> REQUIREMENT
Only the lines from the one with "New Hampshire State Tax Tables 2023." to the end of the data below should be given again, exactly, with both ends included and pictures omitted.

> RECORDED INFORMATION
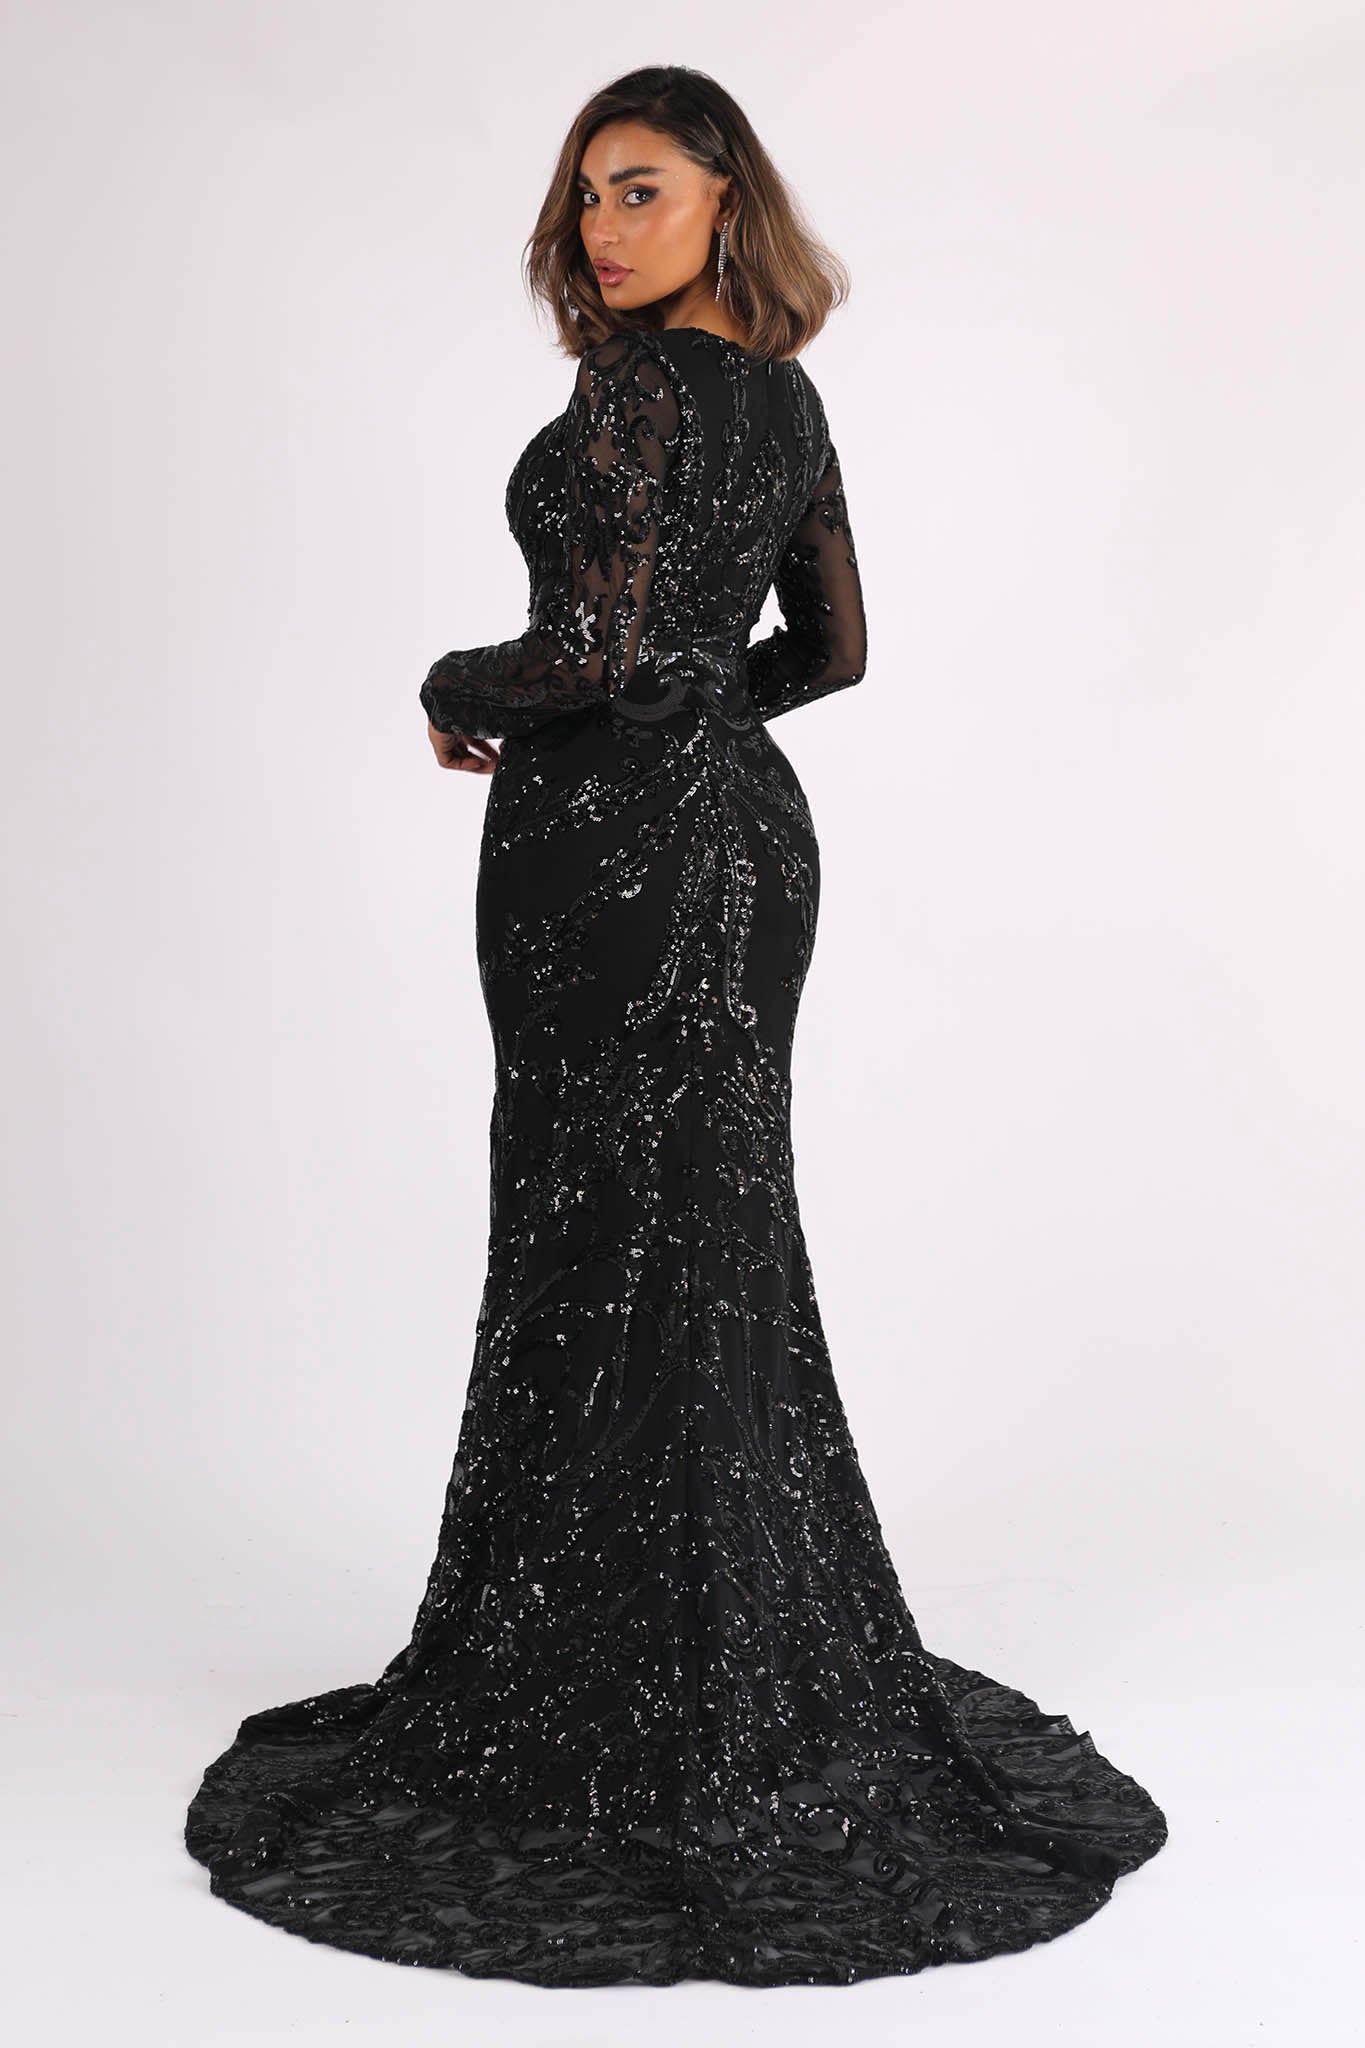 Custom Made Black Mermaid Evening Gown With Sequined Side Split And Long  Sleeves Slim Fit For Womens Black Sequin Evening Dress From Meetyy, $53.13  | DHgate.Com
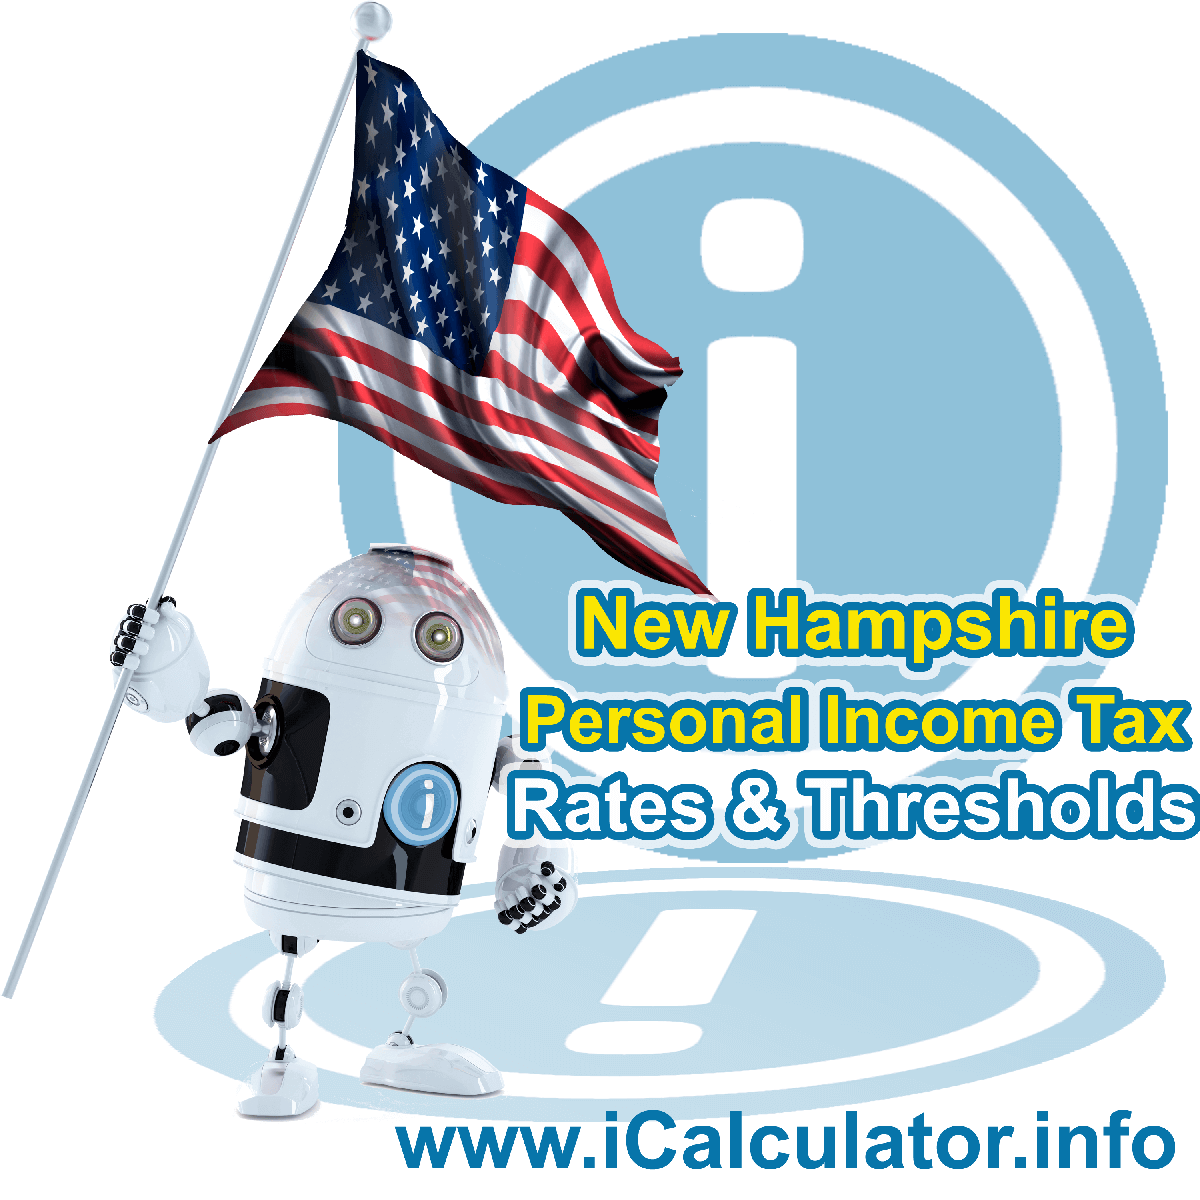 New Hampshire State Tax Tables 2023. This image displays details of the New Hampshire State Tax Tables for the 2023 tax return year which is provided in support of the 2023 US Tax Calculator
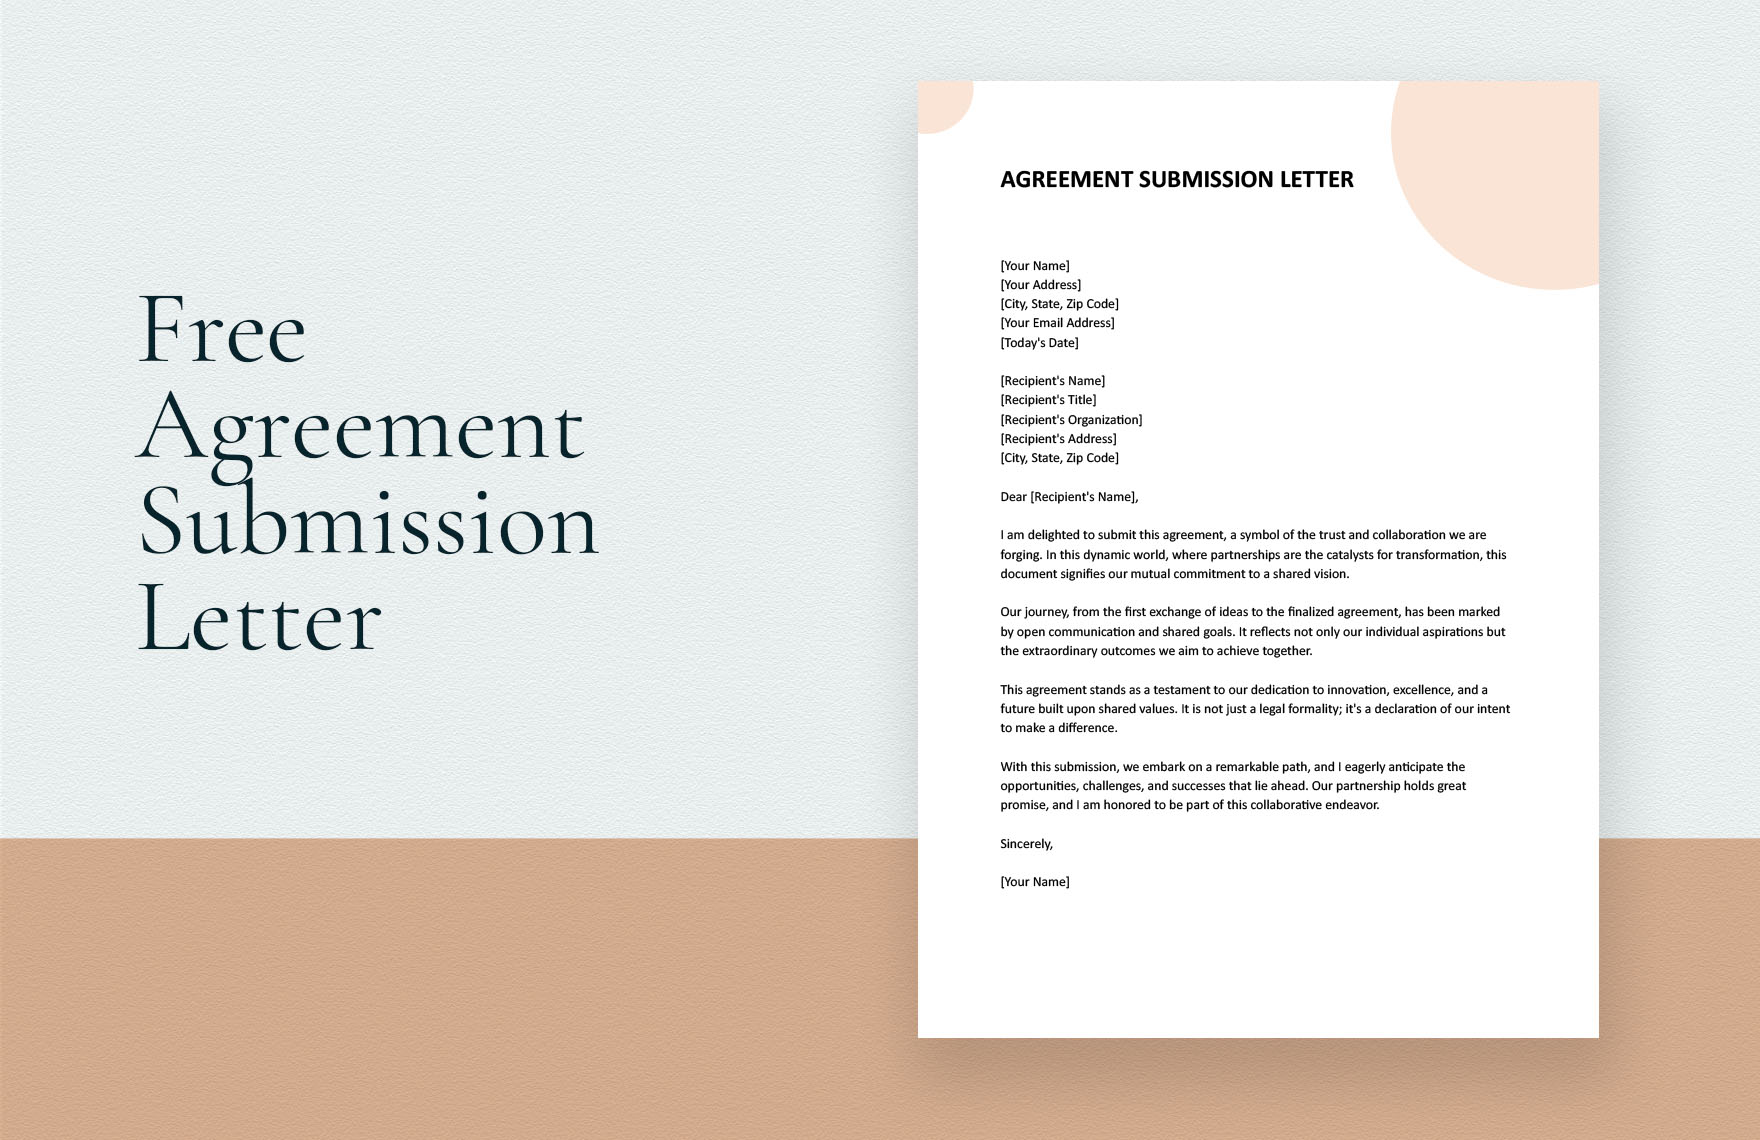 Agreement Submission Letter

> RESULT BELOW
 New Hampshire State Tax Tables 2023. This image displays details of the New Hampshire State Tax Tables for the 2023 tax return year which is provided in support of the 2023 US Tax Calculator
 Agreement Submission Letter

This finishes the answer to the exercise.